Как зашифровать / var / www?
Я хочу зашифровать свою папку /var/www, чтобы у меня и apache был доступ.
Как я могу это сделать?
Я пытался использовать ecryptfs, но мои сайты не работают.
Пожалуйста, напишите пример или ссылку для руководства.
4 ответа
Вы можете использовать eCryptfs для этого.
Вы должны сделать это как пользователь root. Вот некоторые инструкции, которые будут работать:
root@server-59314:~# ecryptfs-setup-private
Enter your login passphrase:
Enter your mount passphrase [leave blank to generate one]:
************************************************************************
YOU SHOULD RECORD YOUR MOUNT PASSPHRASE AND STORE IT IN A SAFE LOCATION.

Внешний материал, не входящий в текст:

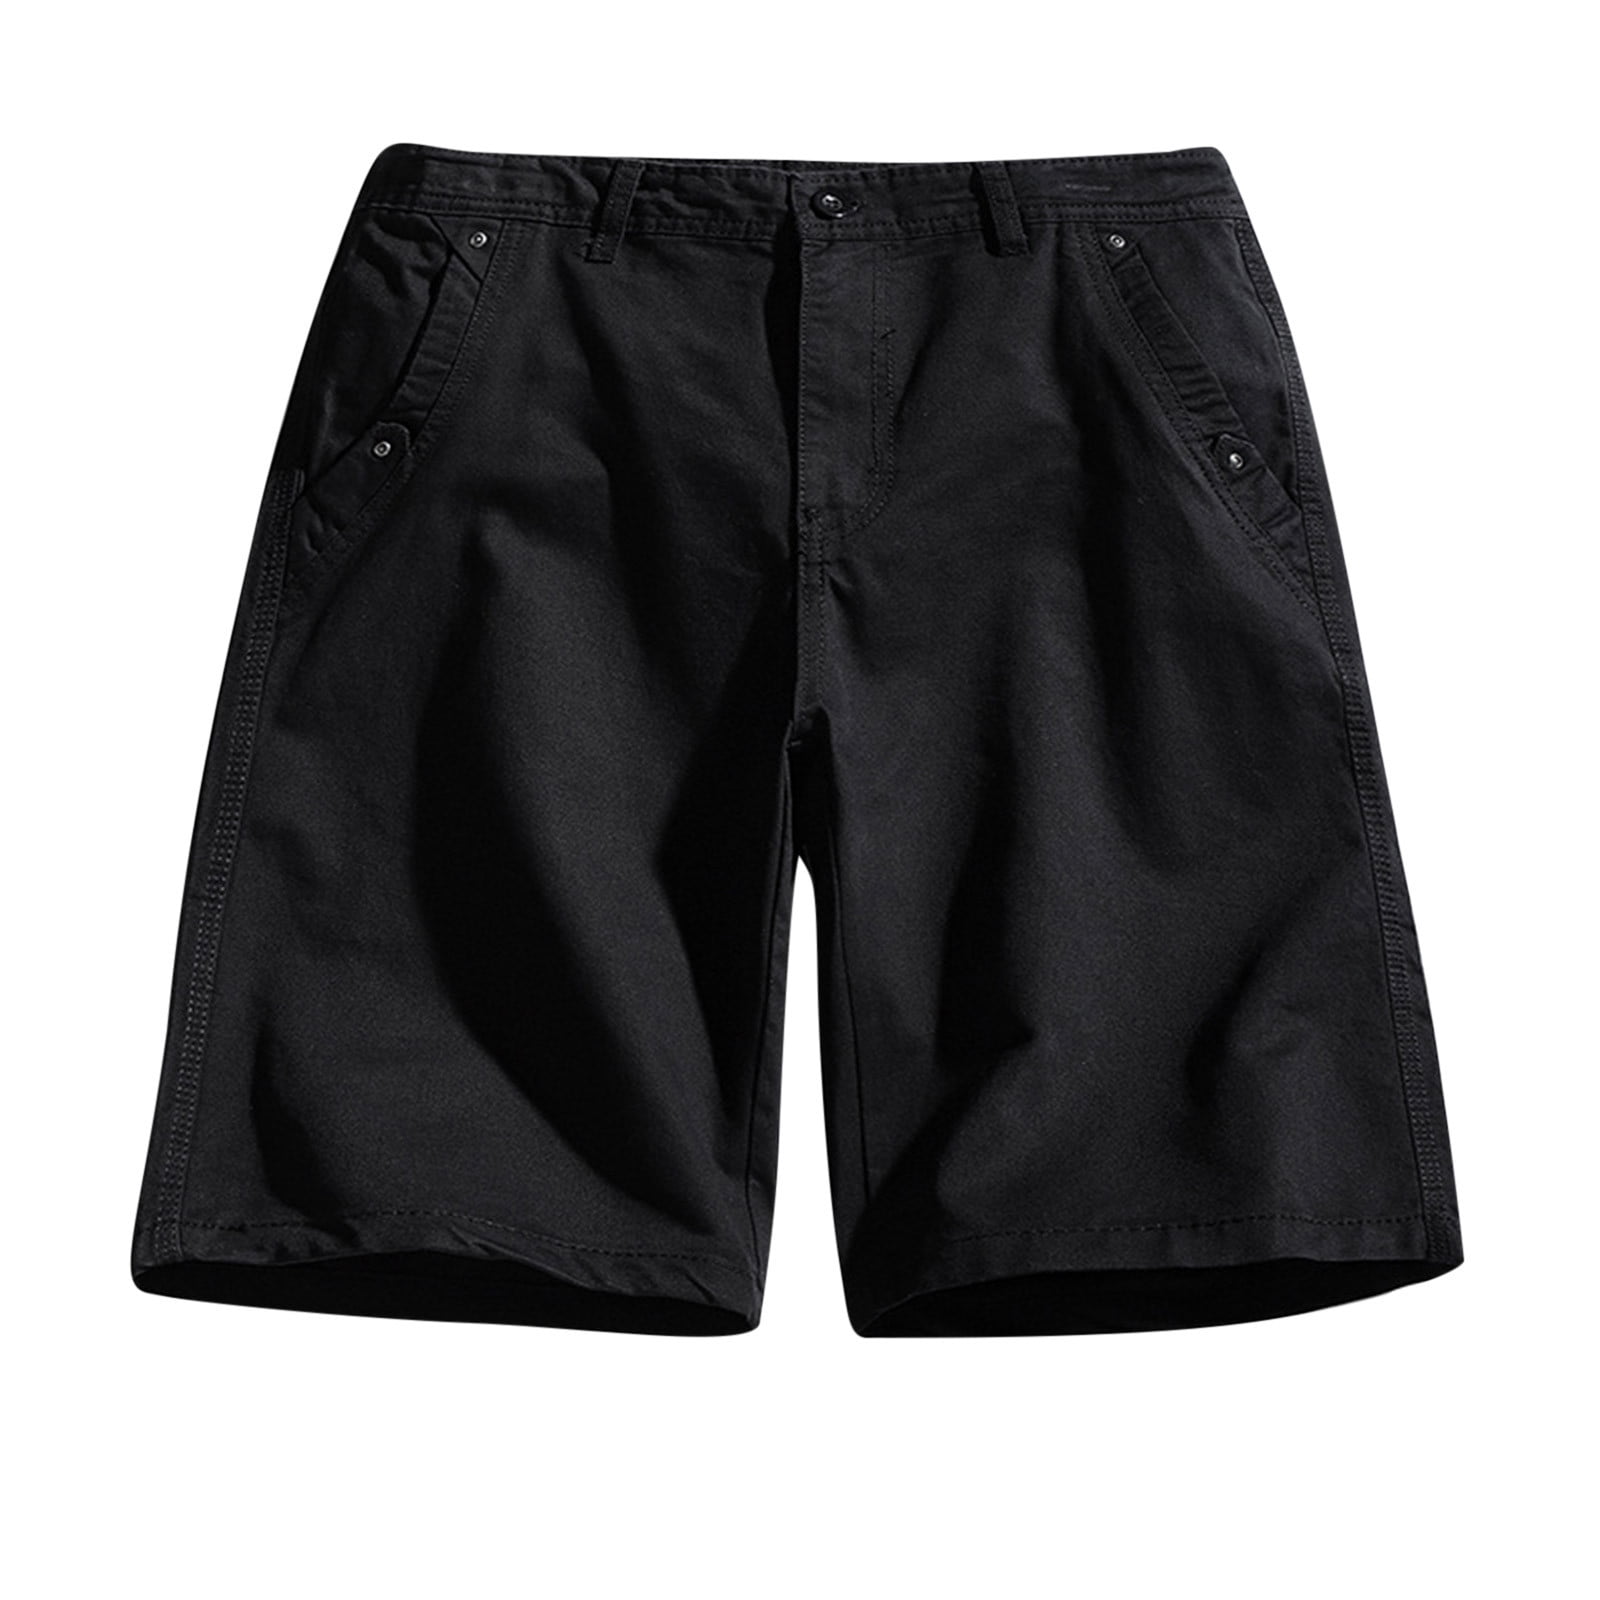 Hvyesh Cargo Shorts for Men Relaxed Fit Multi Pockets Shorts Work ...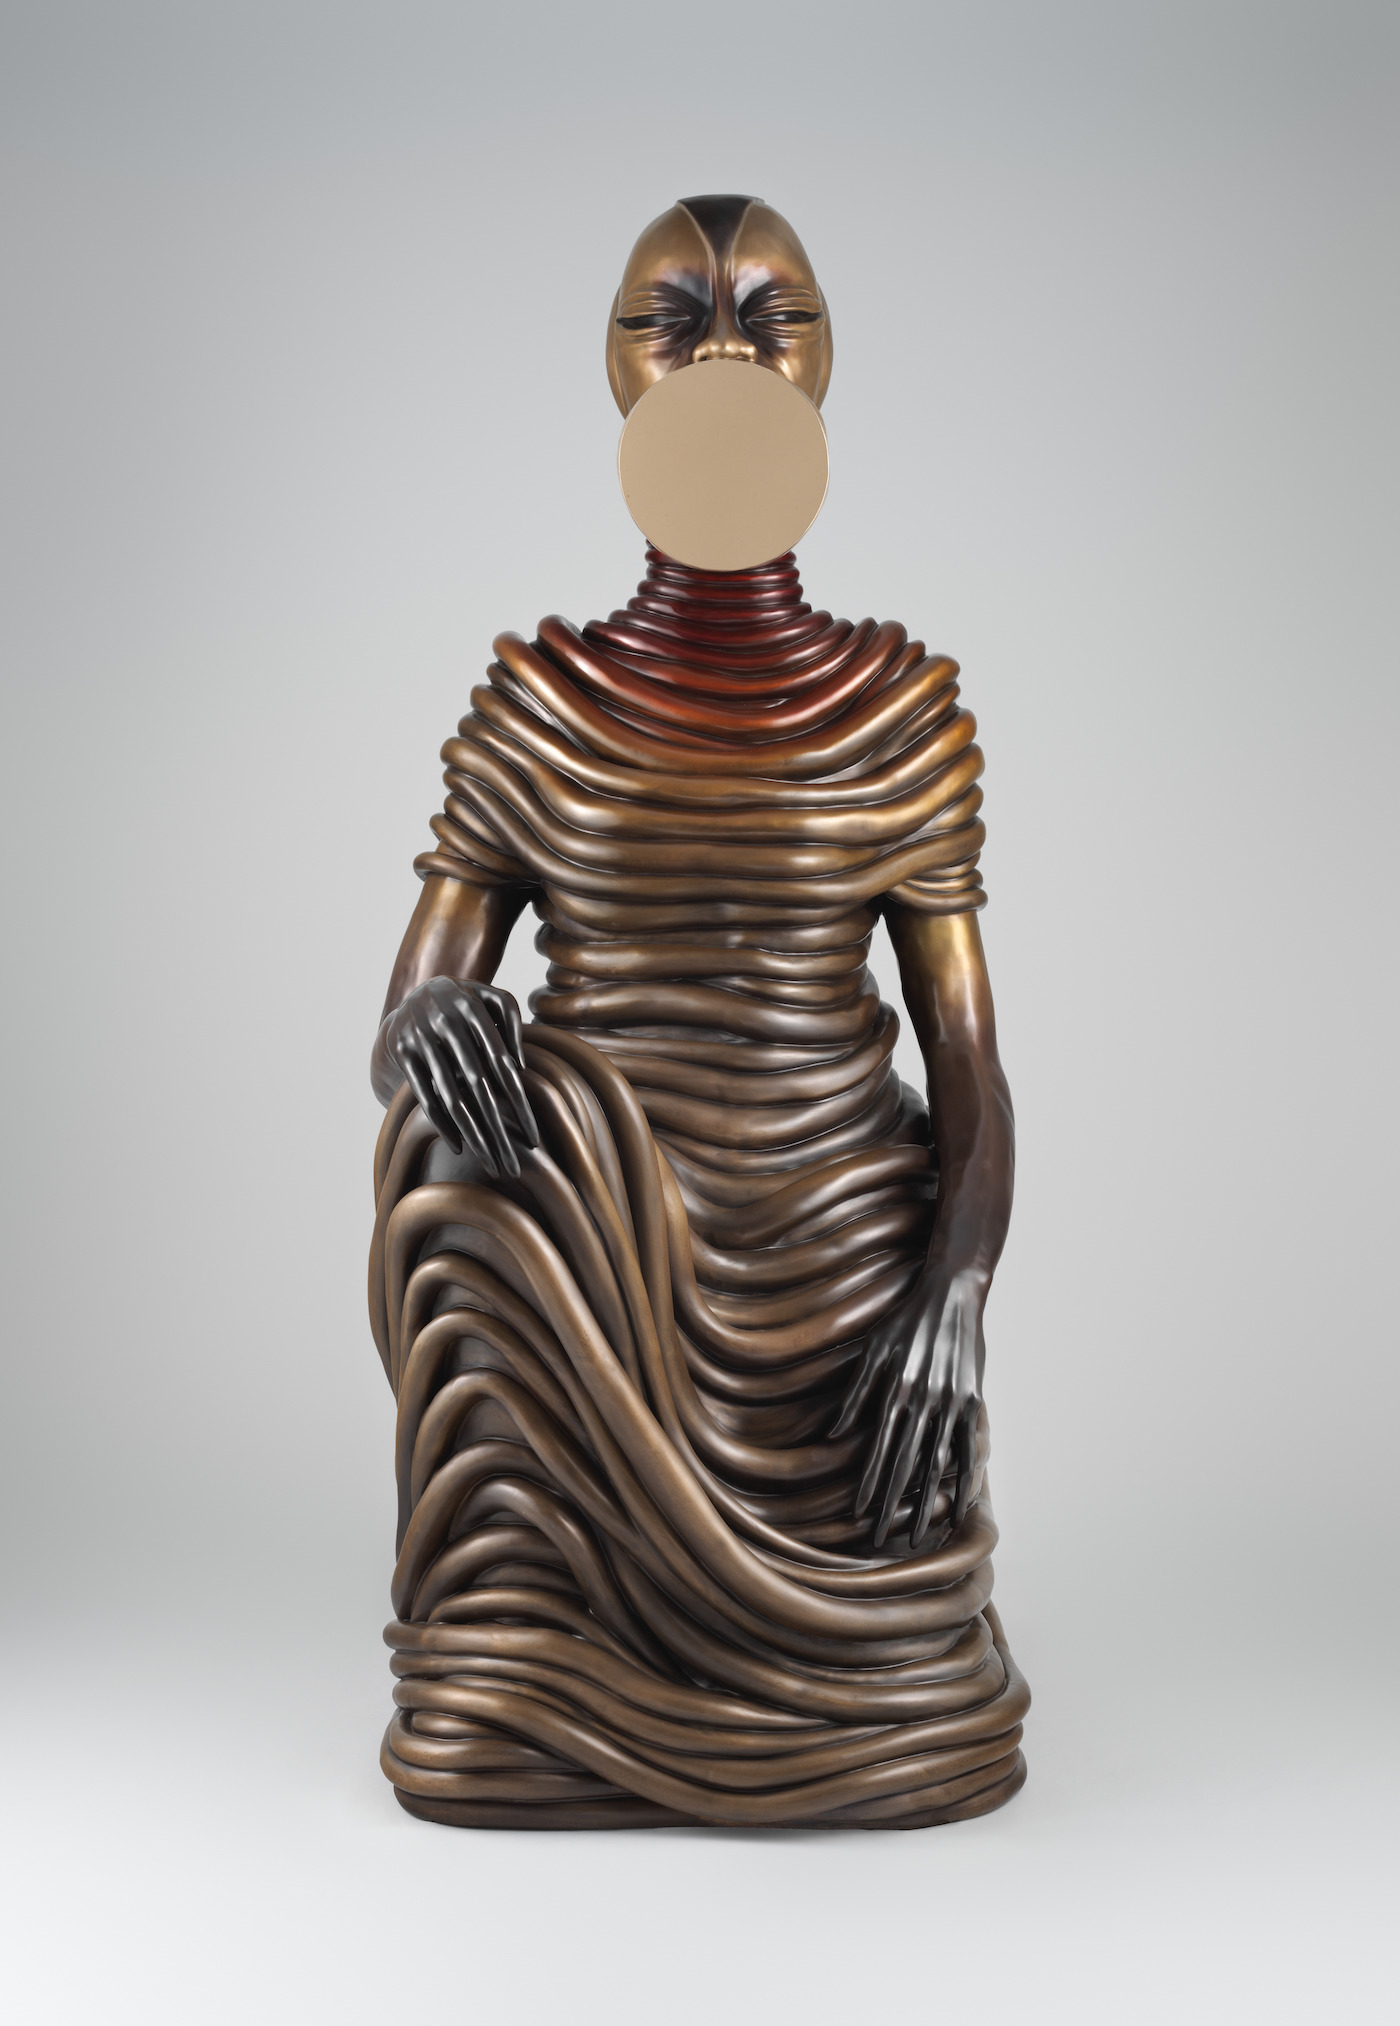 Bronze Sculptures of Regal African Women by Wangechi Mutu Make History at the Metropolitan Museum

ecryptfs-unwrap-passphrase ~/.ecryptfs/wrapped-passphrase
THIS WILL BE REQUIRED IF YOU NEED TO RECOVER YOUR DATA AT A LATER TIME.
************************************************************************
Done configuring.
Testing mount/write/umount/read...
Inserted auth tok with sig [37d1d7fcf453d9d0] into the user session keyring
Inserted auth tok with sig [974bb07127cbe922] into the user session keyring
Inserted auth tok with sig [37d1d7fcf453d9d0] into the user session keyring
Inserted auth tok with sig [974bb07127cbe922] into the user session keyring
Testing succeeded.
Logout, and log back in to begin using your encrypted directory.
А затем вам нужно будет войти в систему как root и запустить ecryptfs-mount-private . Обратите внимание, что вы, вероятно, захотите убедиться, что / var / www не отключен при выходе из root. Для этого достаточно rm -f /root/.ecryptfs/auto-umount.
Полное раскрытие: я один из тех, кто поддерживает проект eCryptfs.
См. http://ubuntuforums.org/showthread.php?t=1655933
Однако, поскольку ключ разблокирован при загрузке, вы все равно ничего не получите, если только кто-то входит в ваш серверный зал, удаляет ваш диск и затем пытается получить доступ к нему без тестирования, чтобы вставить диск в любой другой компьютер (той же архитектуры) и пытается загрузить его.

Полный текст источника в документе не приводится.